• _Dataset content_

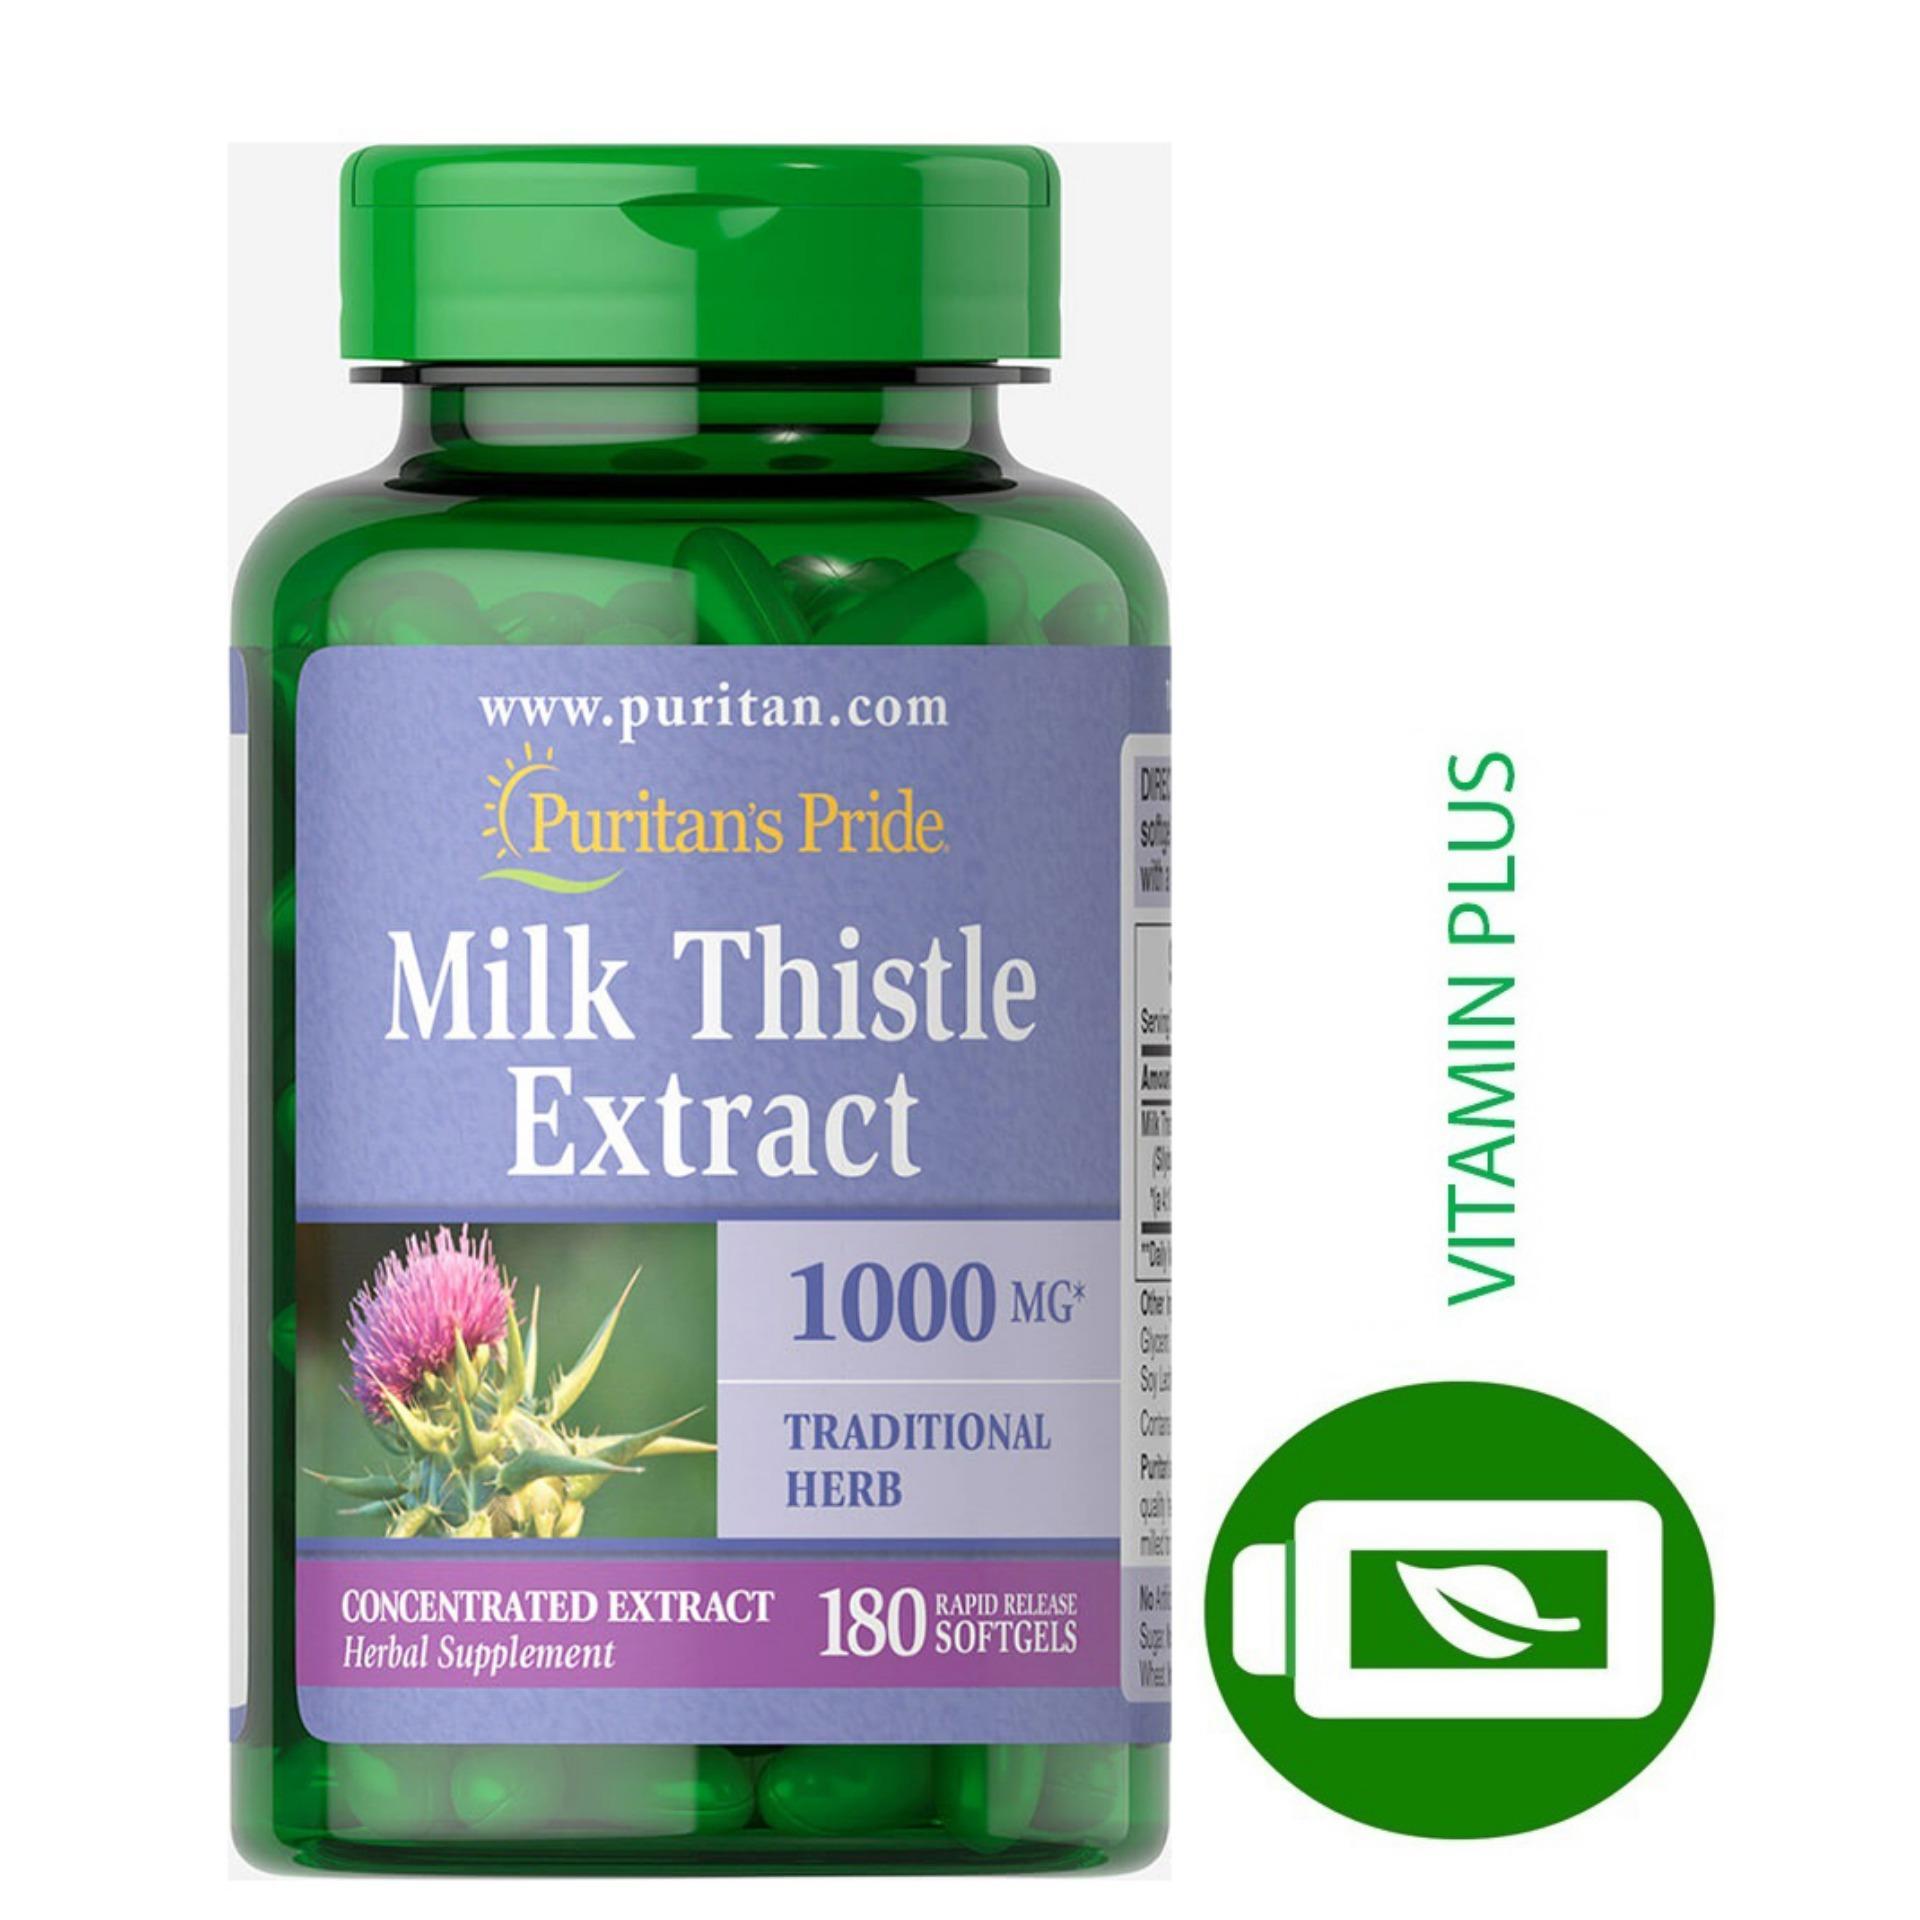 Viên uống bổ gan, làm mát gan, giải độc gan, phòng chống viêm gan, xơ gan, Vitamin Mỹ Puritans Pride Milk Thistle Extract 1000mg 180 viên hàng chính hãng
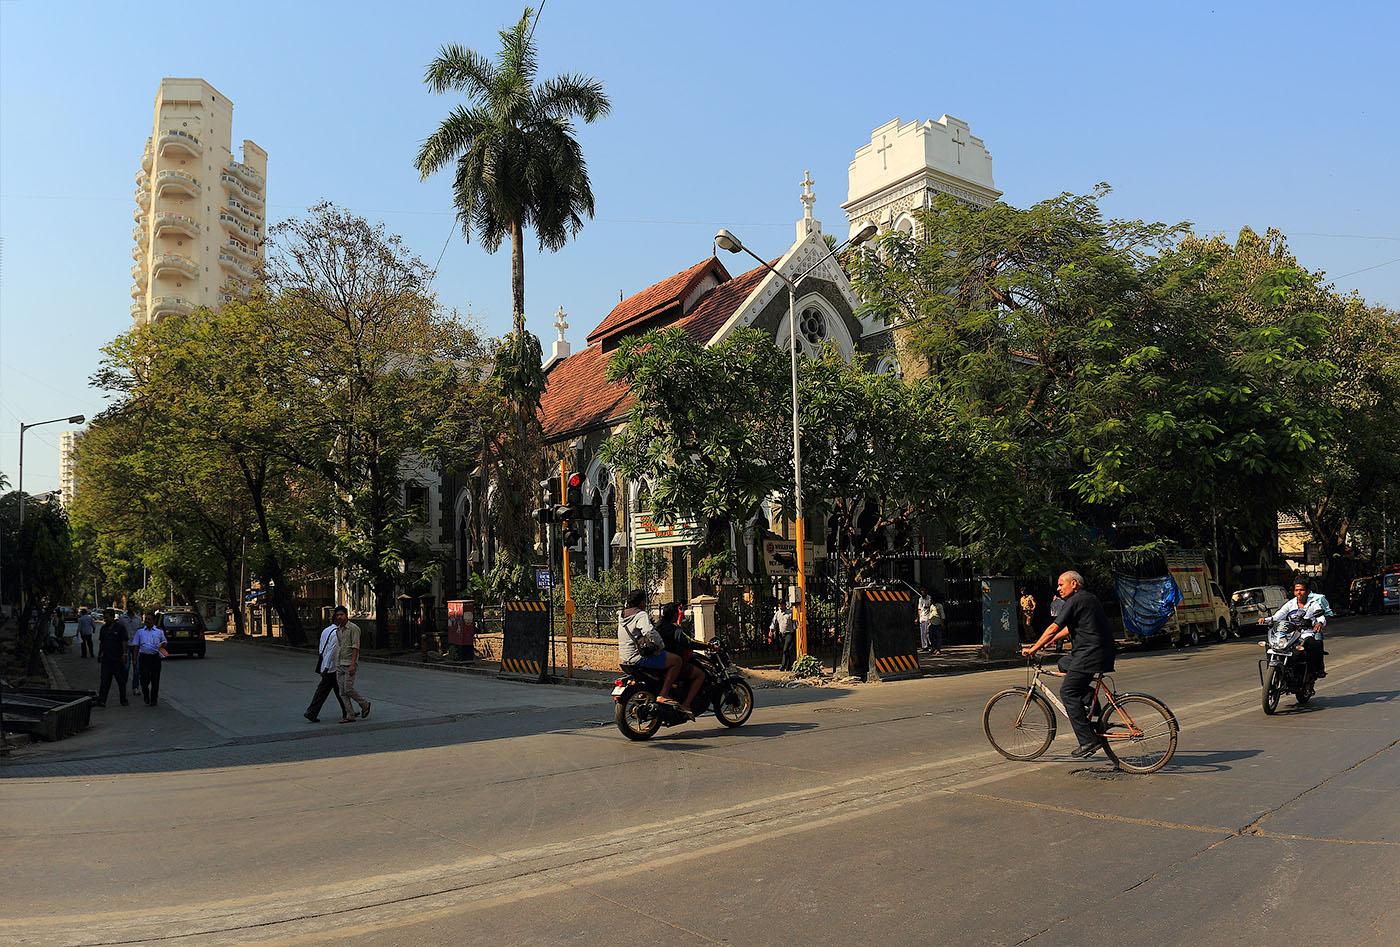 Фотография 6. Поездки в Мумбаи. Отзывы туристов. Католический храм на улице Козуэй (камера Canon EOS 6D, объектив Canon 17-40/4L, настройки при съемке: 1/320, f/6.3, -1EV, ISO 100, 21)
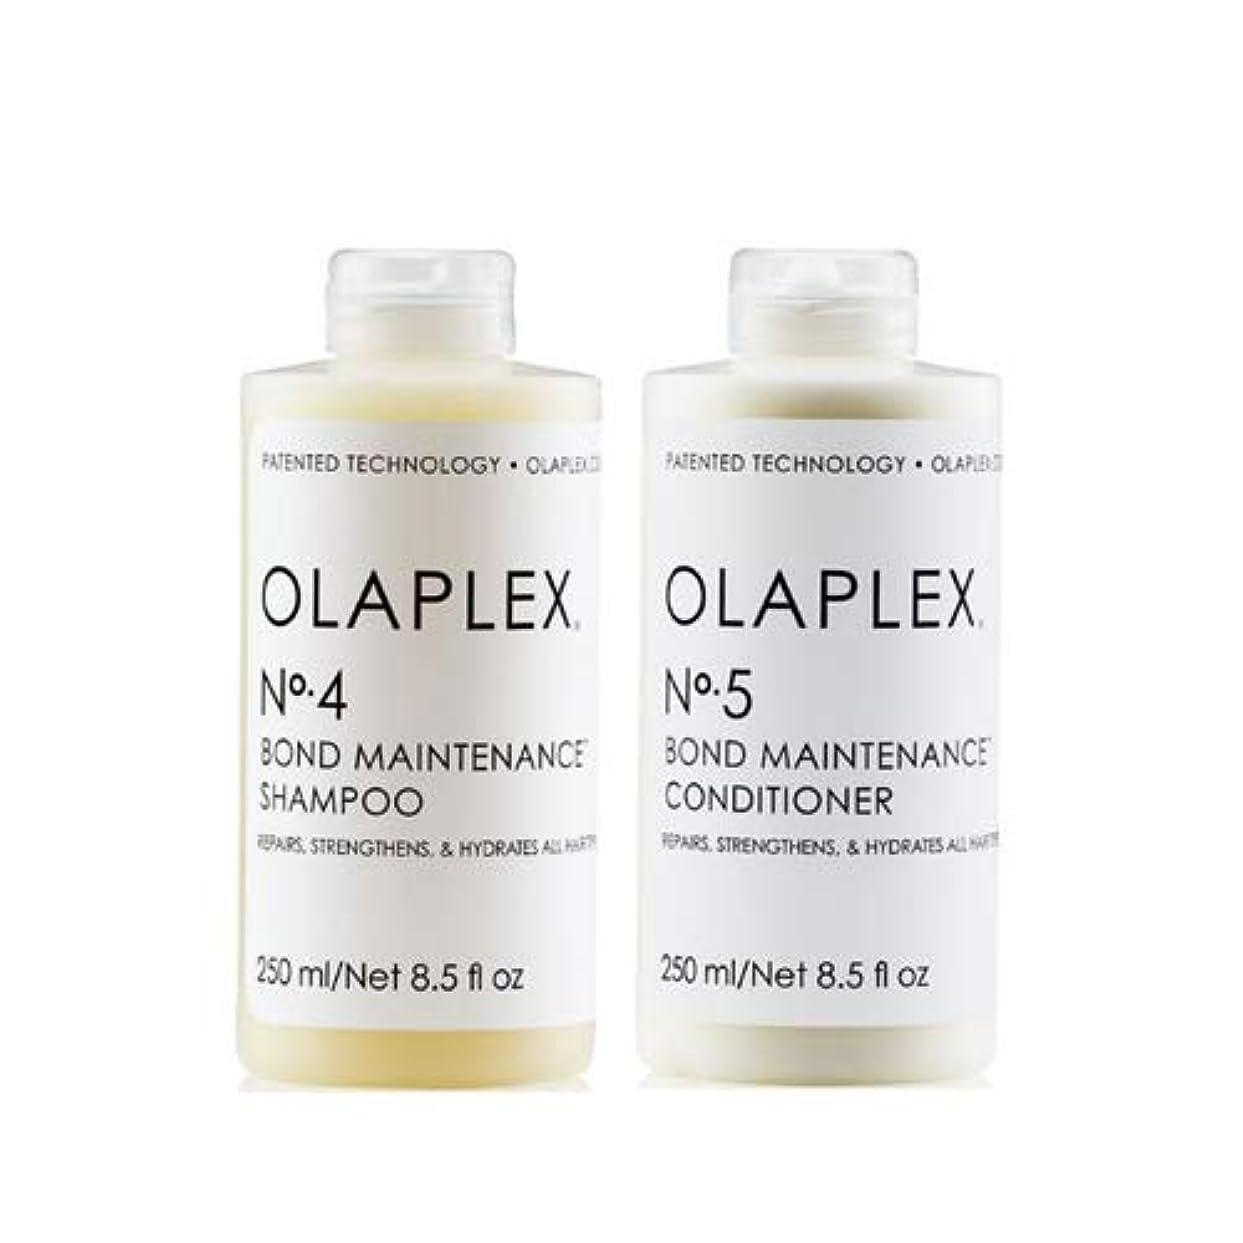 エクスタシー鷲比類のないOlaplex オラプレックス No. 4 5 ボンド メンテナンス シャンプー&コンディショナー Olaplex Bond Maintenance Shampoo & Conditioner 【並行輸入品】
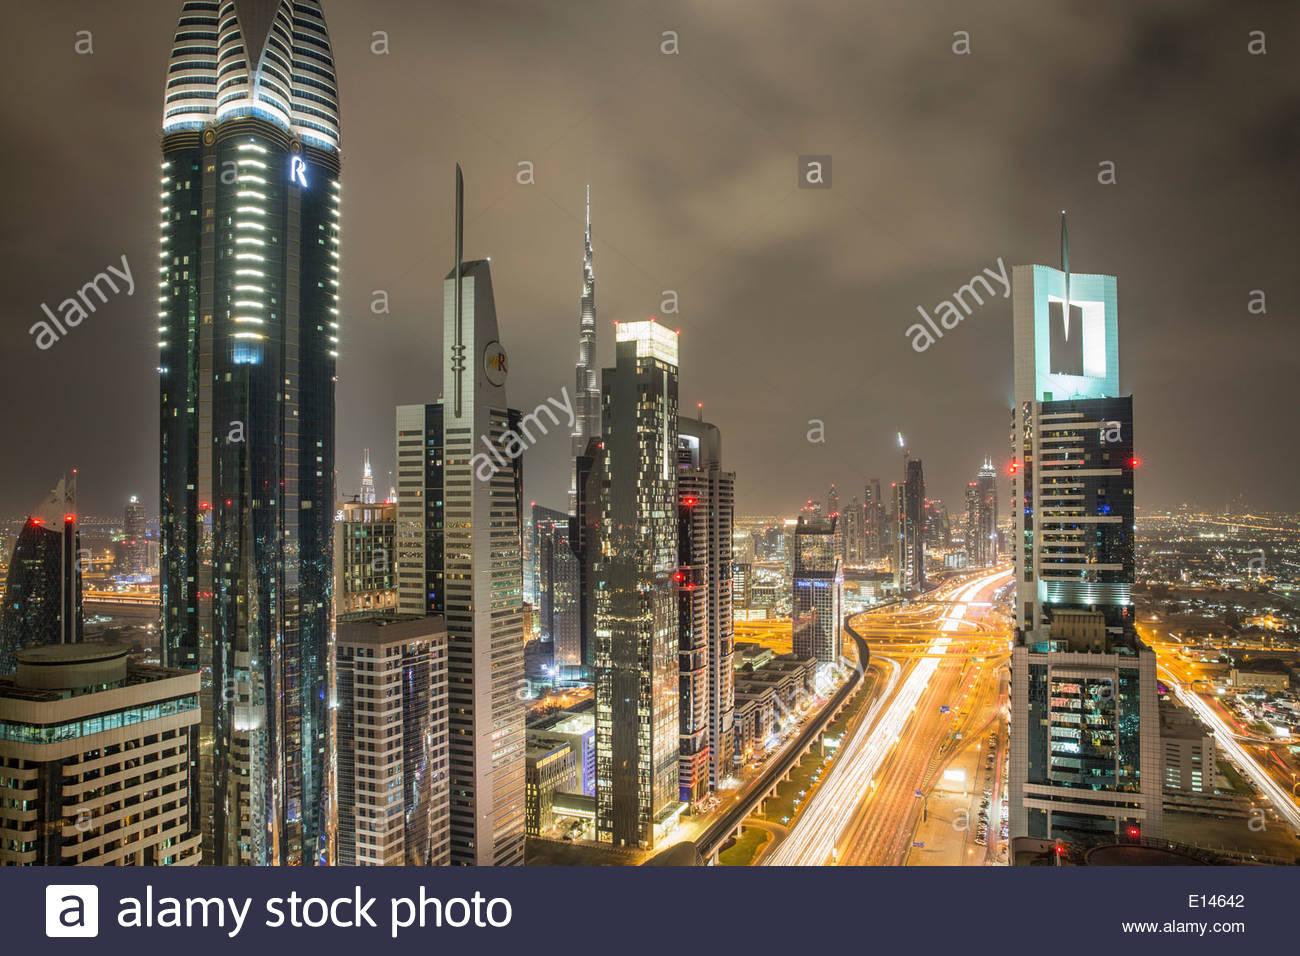 Emirats Arabes Unis, Dubaï, Sheikh Zayed Road traverse le centre-ville financière avec Burj Khalifa, nuit Photo Stock

• _Prompt_
Pictures stay out of the answer; the rest of the listing above is returned exactly.

• _Result for this exercise_
 Viên uống bổ gan, làm mát gan, giải độc gan, phòng chống viêm gan, xơ gan, Vitamin Mỹ Puritans Pride Milk Thistle Extract 1000mg 180 viên hàng chính hãng
 Фотография 6. Поездки в Мумбаи. Отзывы туристов. Католический храм на улице Козуэй (камера Canon EOS 6D, объектив Canon 17-40/4L, настройки при съемке: 1/320, f/6.3, -1EV, ISO 100, 21)
 エクスタシー鷲比類のないOlaplex オラプレックス No. 4 5 ボンド メンテナンス シャンプー&コンディショナー Olaplex Bond Maintenance Shampoo & Conditioner 【並行輸入品】
 Emirats Arabes Unis, Dubaï, Sheikh Zayed Road traverse le centre-ville financière avec Burj Khalifa, nuit Photo Stock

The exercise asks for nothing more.